Wednesday, September 21, 2005
Wednesday, September 07, 2005
8 days have passed since Hurricane Katrina hit. It's been SO horrible, I've felt paralyzed to write about it. The government still hasnt done enough to help the poor, stranded people who by now have mostly been evacuated out of New Orleans to the Houston Astrodome & other warehouses.
It's good that at least Texas took many of them, but its still all so hideous. The images of the insanity, desparation & the stories are heart wrenching. Just regular People are doing more than Bush & his administration, altho more help has been coming since he's been exposed. What a racist bastard.

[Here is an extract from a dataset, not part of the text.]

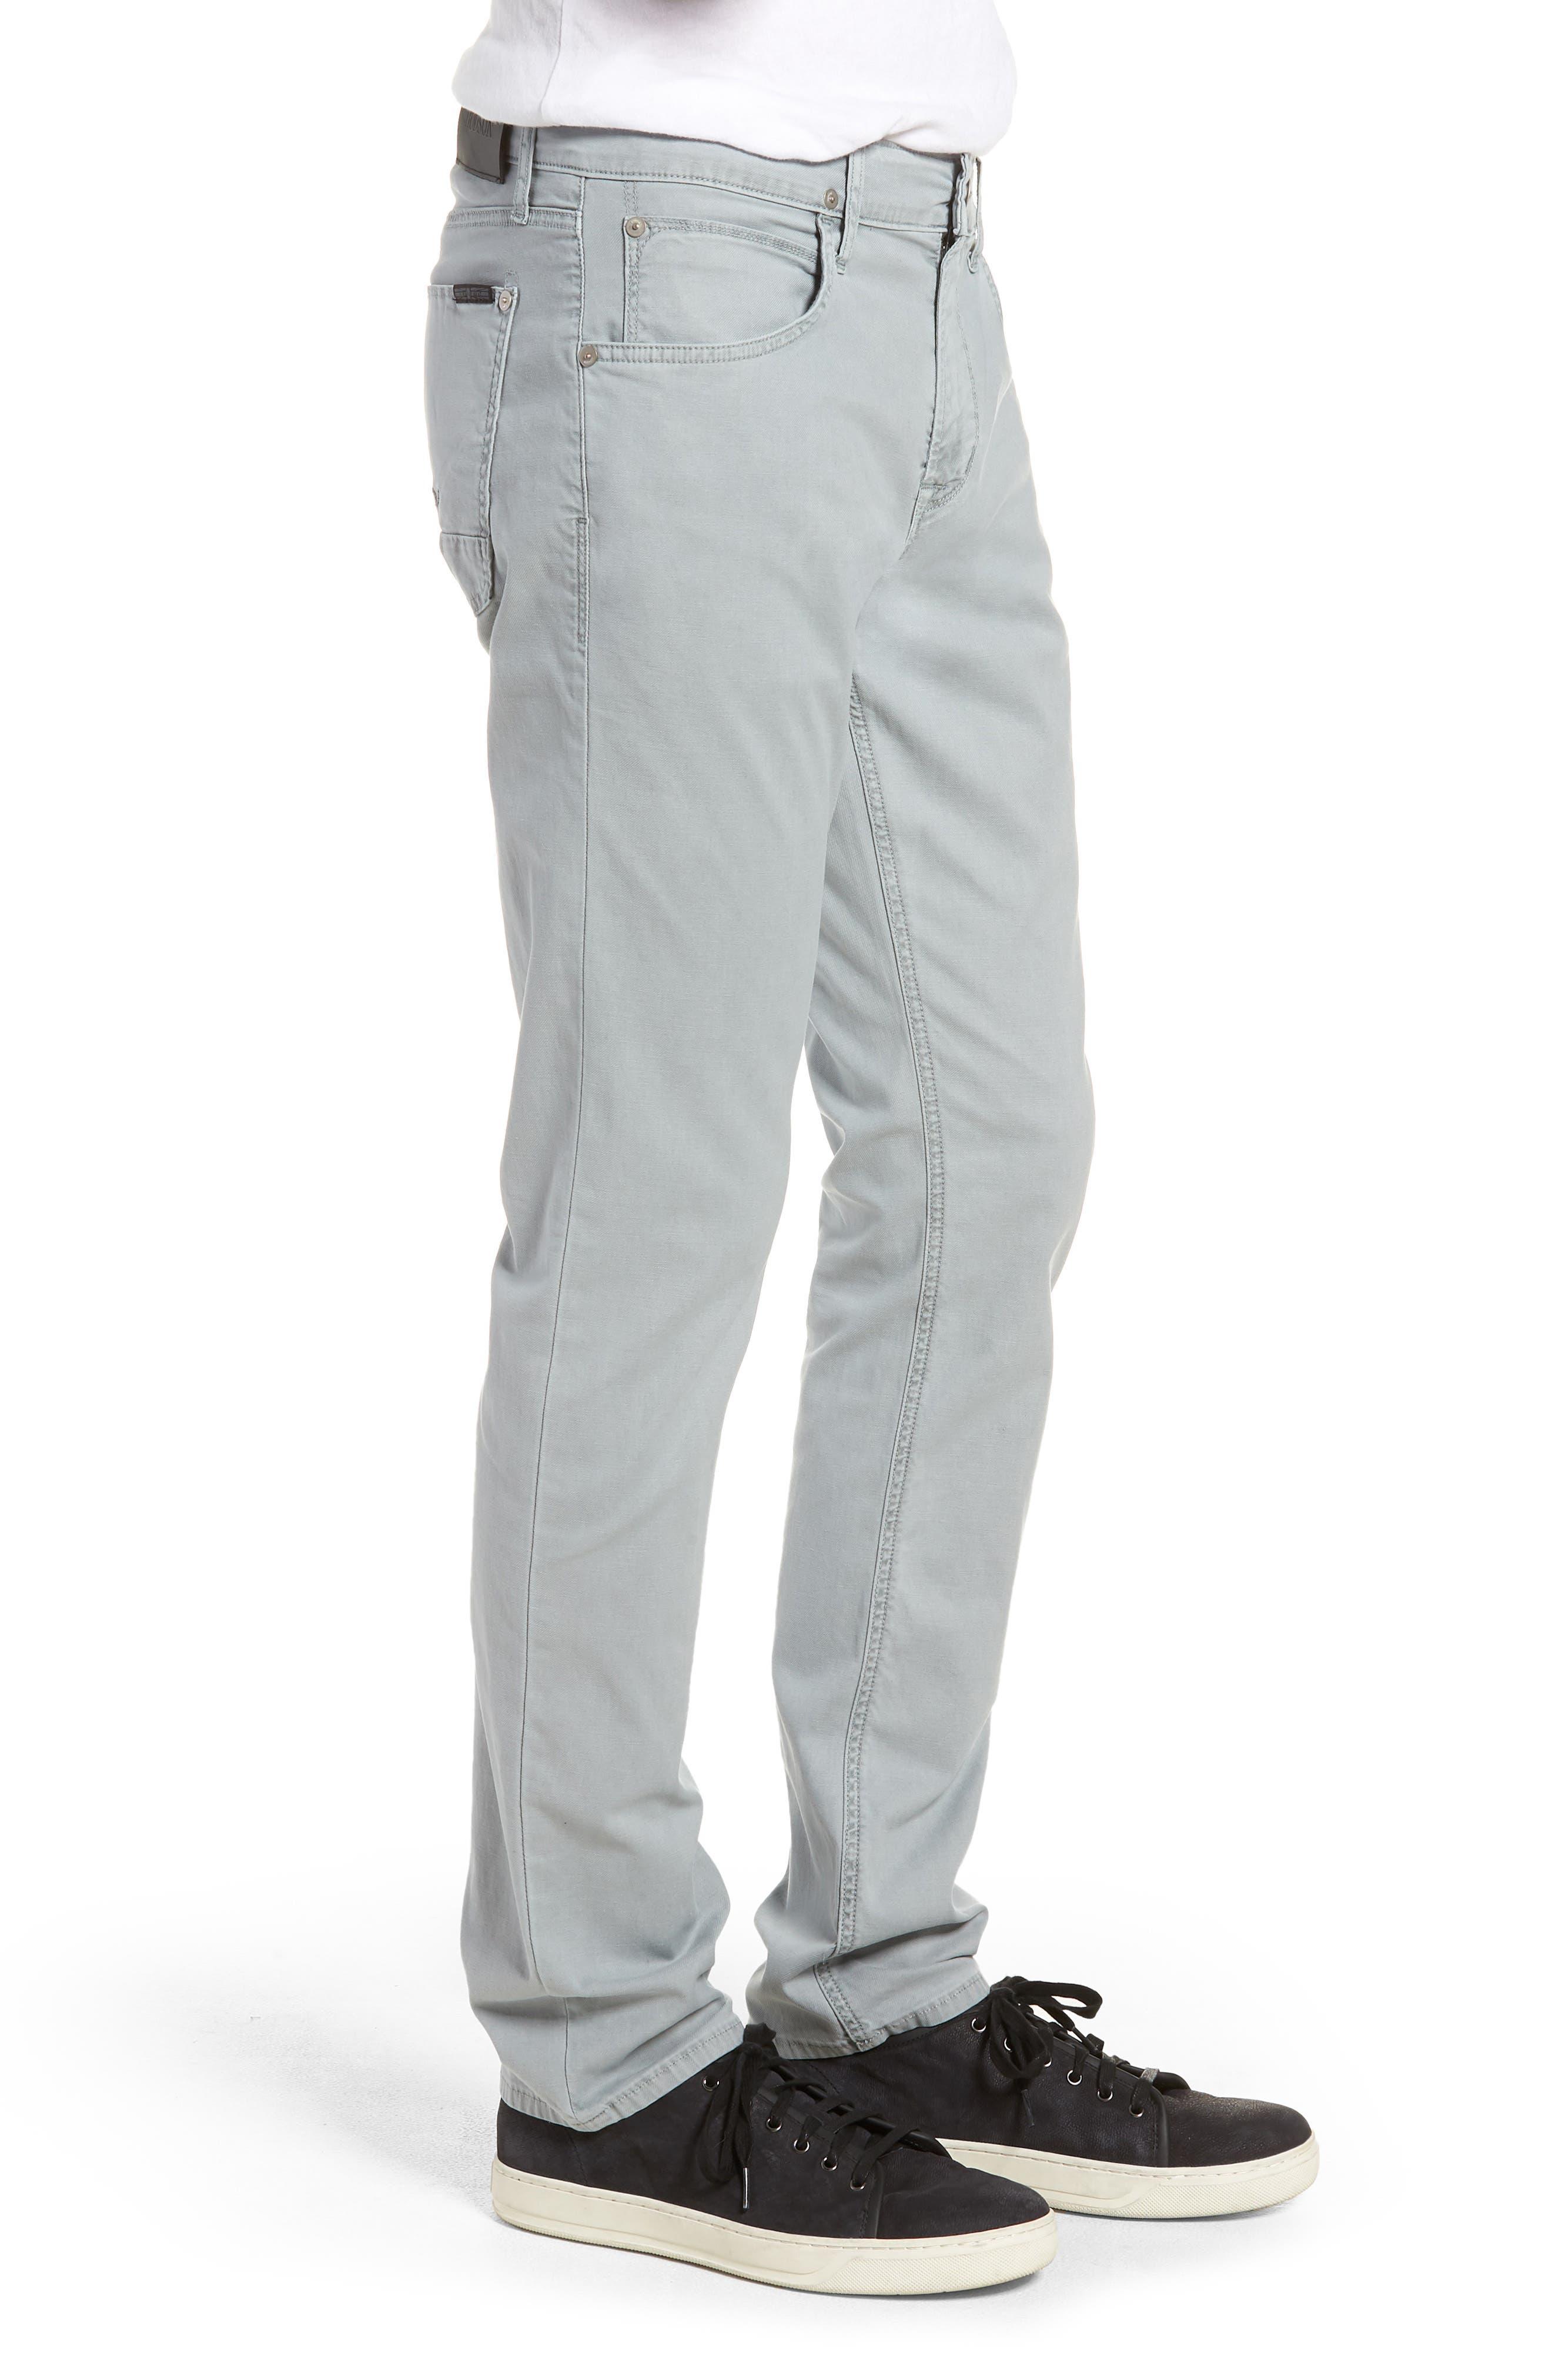 HUDSON JEANS,                             Blake Slim Fit Jeans,                             Alternate thumbnail 3, color,                             400

This country is SO divided that the Bushies are still behind him 100% saying he's been doing a great job. I shake my head & my mouth just hangs open over that. Many of these Bush buttlicking idiots are in my Texas high school class & I'll be seeing them at our 40th reunion next month. Oh joy, oh rapture. Texas Bush morons. Other than that, they used to be great people. sorta.
I should probably take the money I'll have to spend on that trip, donate it to the Red Cross & just blow them all off. But of course, Im not that good, I'll have to go & show everyone how fat Ive gotten...so embarrassing. "Miss Richardson 1965" is as big as a barge. Plus, I love a lot of them. Oh God, this is so trivial & petty compared to real life & the Katrina Tragedy.
Anyway, back to the sad story at hand. Ive cried with Doris everyday watching the news coverage & Oprah had really good programs for 2 days in NO & MS. Tears streaming, sobbing into paper towels, it's overwhelmingly obscene, so wrong, just sad, sad, sad.
At the very least, it's a good way to get rid of democratic voters..
At the most it's Genocide. Blatent.
Im mortified, Can not imagine that kind of hell. It hurts so bad. Im mad at God.